Gym-MiniGrid/minigrid/envs/wfc/graphtransforms.py

from __future__ import annotations

from collections import OrderedDict, defaultdict
from dataclasses import dataclass
from itertools import product

import networkx as nx
import numpy as np

from minigrid.core.constants import COLOR_TO_IDX, IDX_TO_OBJECT, OBJECT_TO_IDX
from minigrid.minigrid_env import MiniGridEnv


@dataclass
class EdgeDescriptor:
    between: tuple[str, str] | tuple[str]
    structure: str | None = None


# This is maybe general enough to be in utils
class GraphTransforms:
    OBJECT_TO_DENSE_GRAPH_ATTRIBUTE = {
        "empty": ("navigable", "empty"),
        "start": ("navigable", "start"),
        "agent": ("navigable", "start"),
        "goal": ("navigable", "goal"),
        "moss": ("navigable", "moss"),
        "wall": ("non_navigable", "wall"),
        "lava": ("non_navigable", "lava"),
    }

    DENSE_GRAPH_ATTRIBUTE_TO_OBJECT = {
        "empty": "empty",
        "start": "start",
        "goal": "goal",
        "moss": "moss",
        "wall": "wall",
        "lava": "lava",
        "navigable": None,
        "non_navigable": None,
    }

    MINIGRID_COLOR_CONFIG = {
        "empty": None,
        "wall": "grey",
        "agent": "blue",
        "goal": "green",
        "lava": "red",
        "moss": "purple",
    }

    @staticmethod
    def minigrid_to_bitmap(grids):

        layout = grids[..., 0]
        bitmap = np.zeros_like(layout)
        bitmap[layout == 2] = 1
        bitmap = list(bitmap)

        start_pos_id = np.where(layout == 10)
        goal_pos_id = np.where(layout == 8)

        start_pos = []
        goal_pos = []
        for i in range(len(bitmap)):
            bitmap[i] = bitmap[i][1:-1, 1:-1]
            start_pos.append(np.array([start_pos_id[2][i], start_pos_id[1][i]]))
            goal_pos.append(np.array([goal_pos_id[2][i], goal_pos_id[1][i]]))

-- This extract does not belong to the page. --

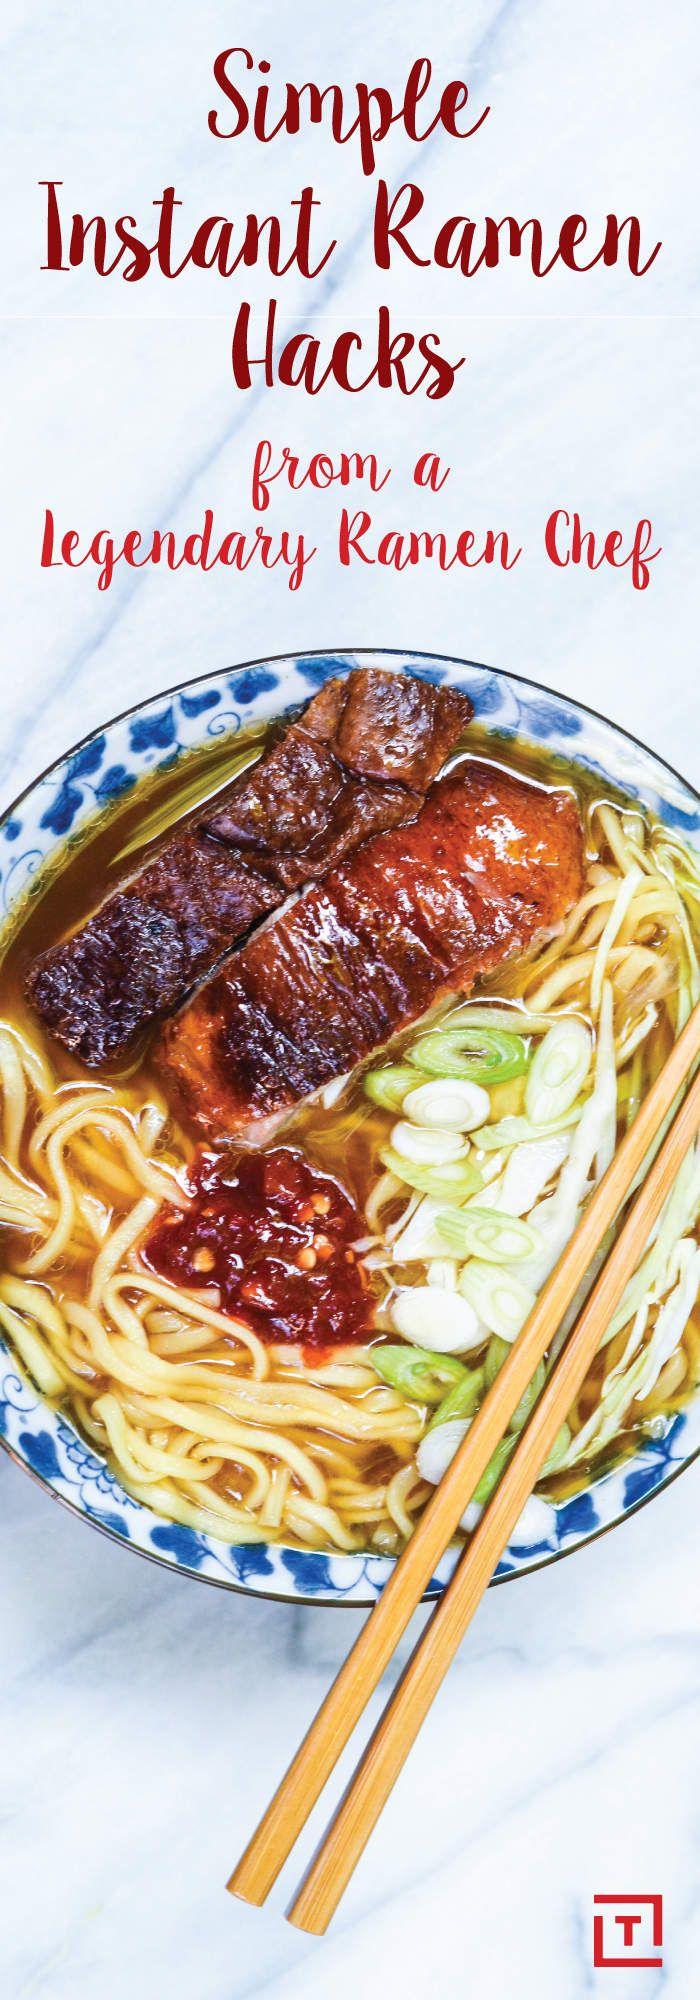 Best Instant Ramen Noodle Recipe Hacks & Tips From Ivan Orkin - Thrillist
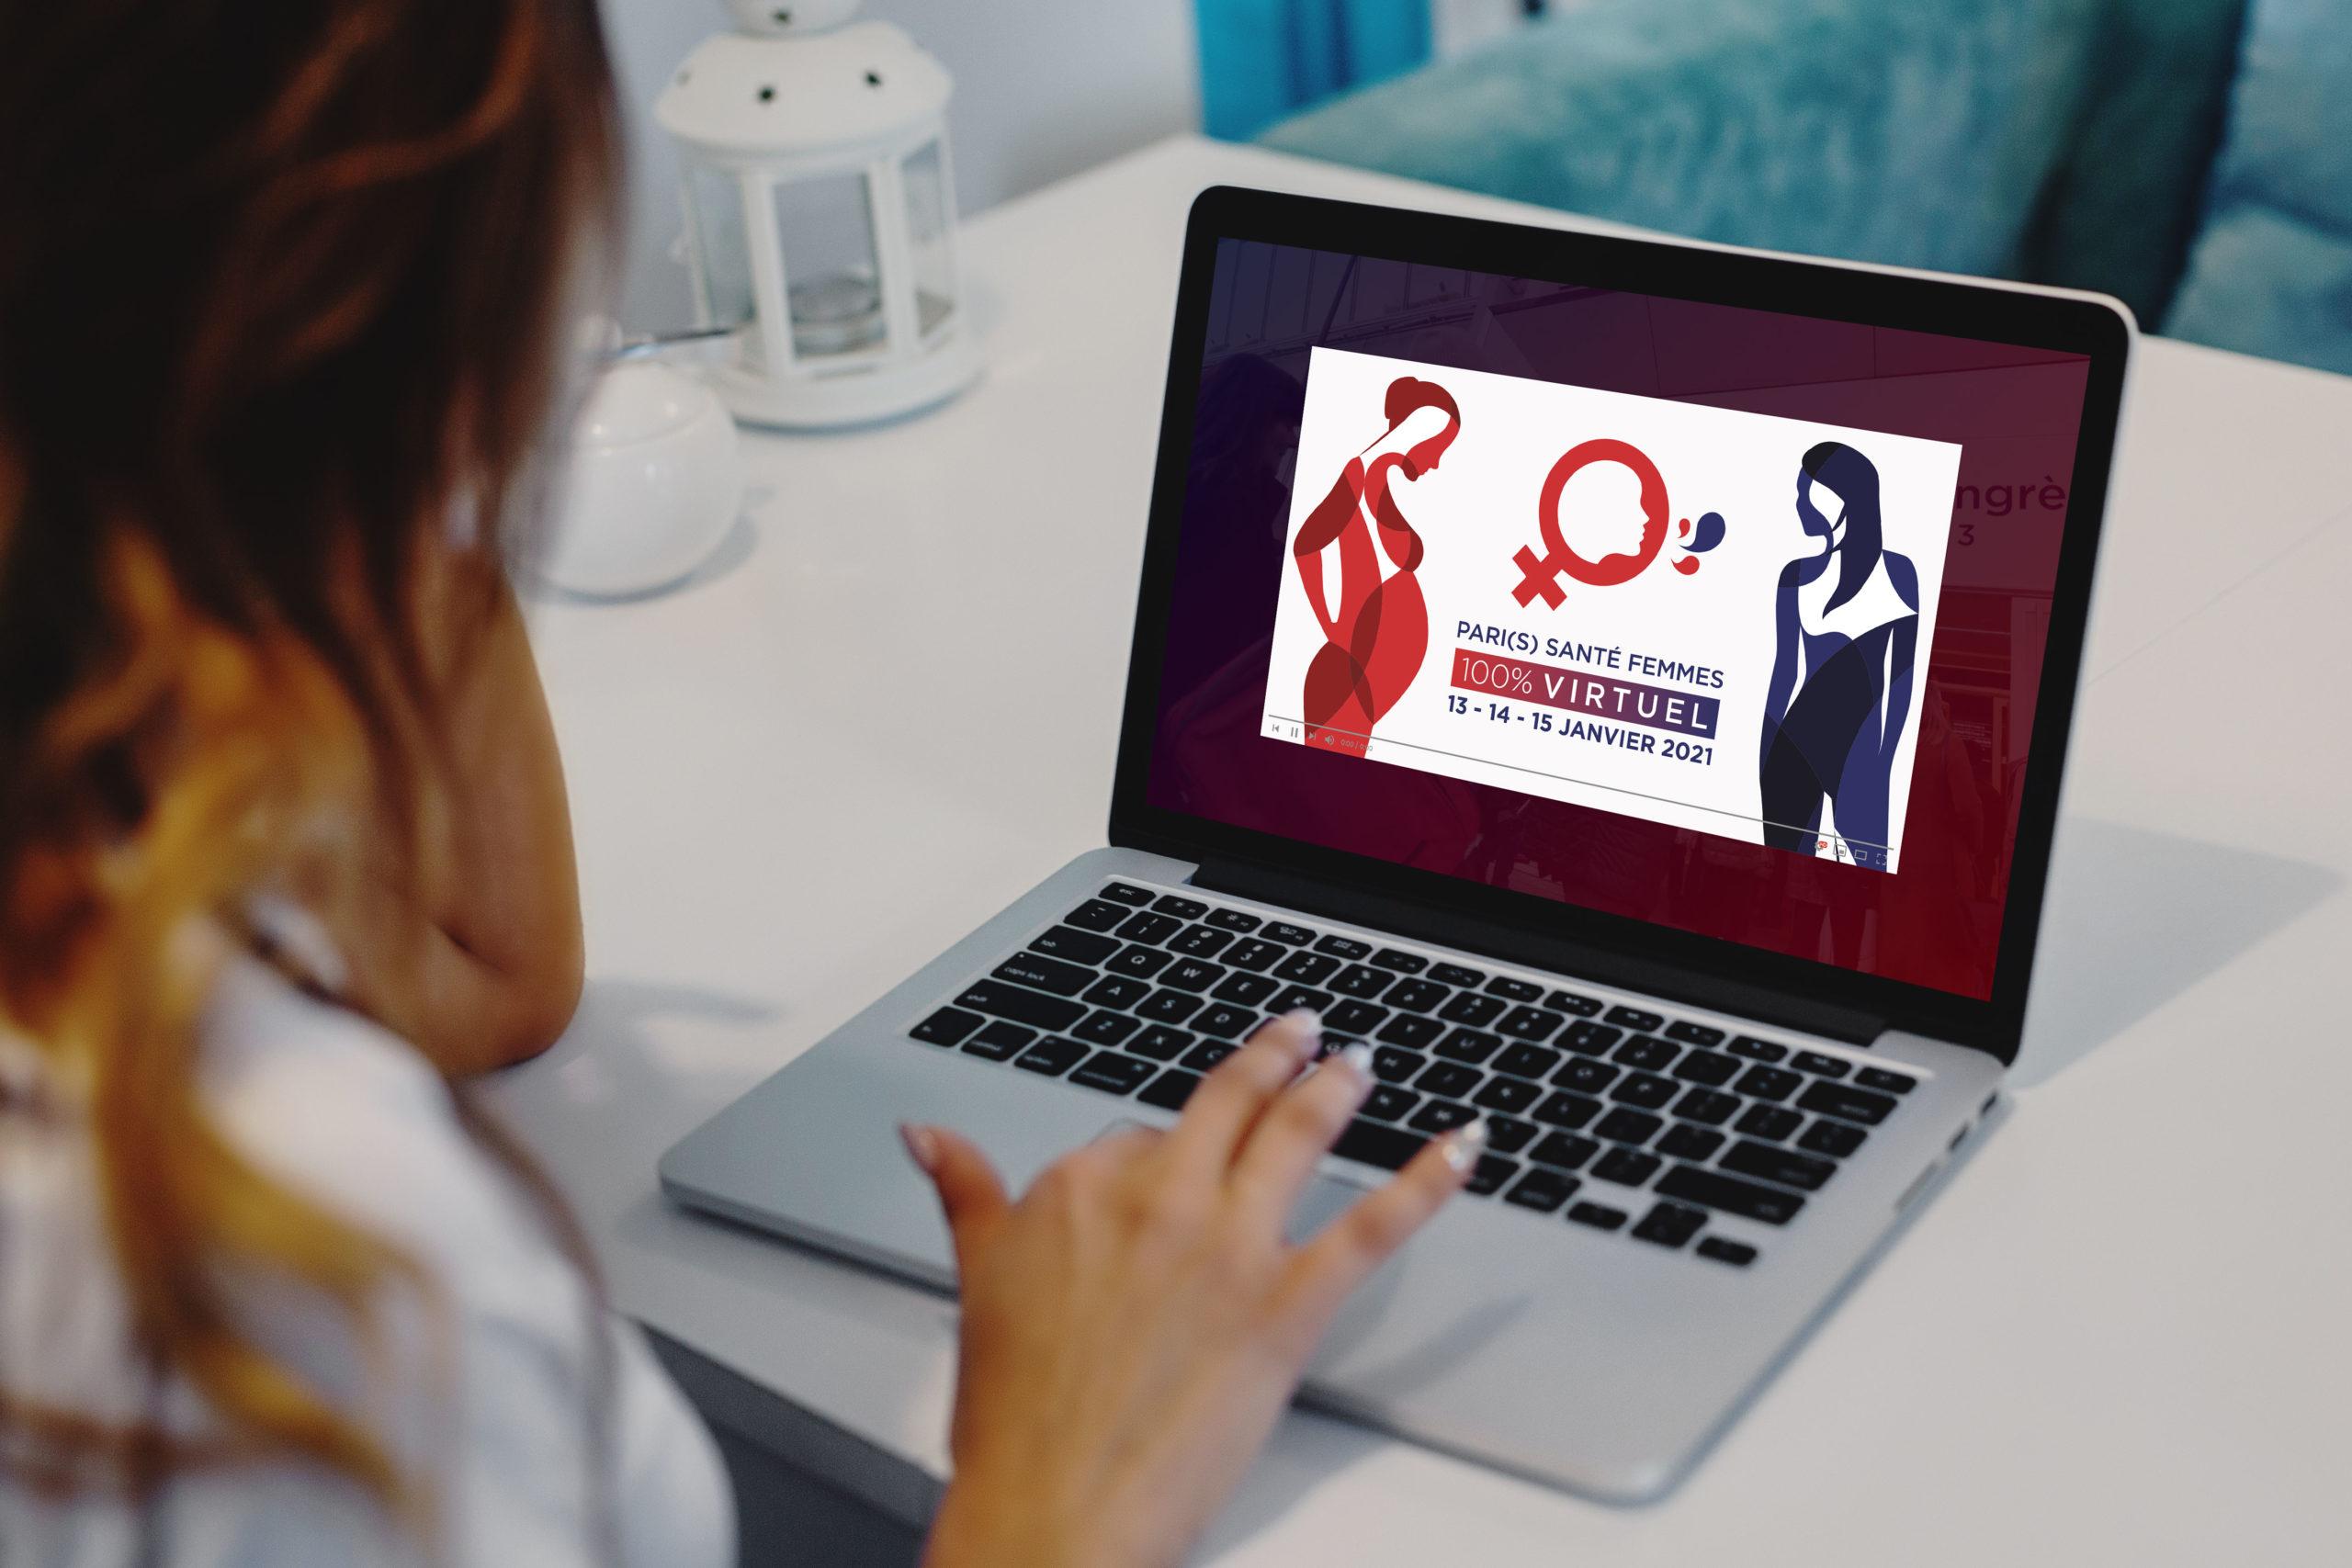 Paris(s) Santé Femmes s'adapte et continue en 2021

        return bitmap, start_pos, goal_pos

    @staticmethod
    def minigrid_to_dense_graph(
        minigrids: np.ndarray | list[MiniGridEnv],
        node_attr=None,
        edge_config=None,
    ) -> list[nx.Graph]:
        if isinstance(minigrids[0], np.ndarray):
            minigrids = np.array(minigrids)
            layouts = minigrids[..., 0]
        elif isinstance(minigrids[0], MiniGridEnv):
            layouts = [minigrid.grid.encode()[..., 0] for minigrid in minigrids]
            for i in range(len(minigrids)):
                layouts[i][tuple(minigrids[i].agent_pos)] = OBJECT_TO_IDX["agent"]
            layouts = np.array(layouts)
        else:
            raise TypeError(
                f"minigrids must be of type List[np.ndarray], List[MiniGridEnv], "
                f"List[MultiGridEnv], not {type(minigrids[0])}"
            )
        graphs, _ = GraphTransforms.minigrid_layout_to_dense_graph(
            layouts, remove_border=True, node_attr=node_attr, edge_config=edge_config
        )
        return graphs

    @staticmethod
    def minigrid_layout_to_dense_graph(
        layouts: np.ndarray, remove_border=True, node_attr=None, edge_config=None
    ) -> tuple[list[nx.Graph], dict[str, list[nx.Graph]]]:

        assert (
            layouts.ndim == 3
        ), f"Wrong dimensions for minigrid layout, expected 3 dimensions, got {layouts.ndim}."

        node_attr = [] if node_attr is None else node_attr

        # Remove borders
        if remove_border:
            layouts = layouts[:, 1:-1, 1:-1]  # remove edges
        dim_grid = layouts.shape[1:]

        # Get the objects present in the layout
        objects_idx = np.unique(layouts)
        object_instances = [IDX_TO_OBJECT[obj] for obj in objects_idx]
        assert set(object_instances).issubset(
            {"empty", "wall", "start", "goal", "agent", "lava", "moss"}
        ), (
            f"Unsupported object(s) in minigrid layout. Supported objects are: "
            f"empty, wall, start, goal, agent, lava, moss. Got {object_instances}."
        )

        # Get location of each object in the layout
        object_locations = {}
        for obj in object_instances:
            object_locations[obj] = defaultdict(list)
            ids = list(zip(*np.where(layouts == OBJECT_TO_IDX[obj])))
            for tup in ids:
                object_locations[obj][tup[0]].append(tup[1:])
            for m in range(layouts.shape[0]):
                if m not in object_locations[obj]:
                    object_locations[obj][m] = []
            object_locations[obj] = OrderedDict(sorted(object_locations[obj].items()))
        if "start" not in object_instances and "agent" in object_instances:
            object_locations["start"] = object_locations["agent"]
        if "agent" not in object_instances and "start" in object_instances:
            object_locations["agent"] = object_locations["start"]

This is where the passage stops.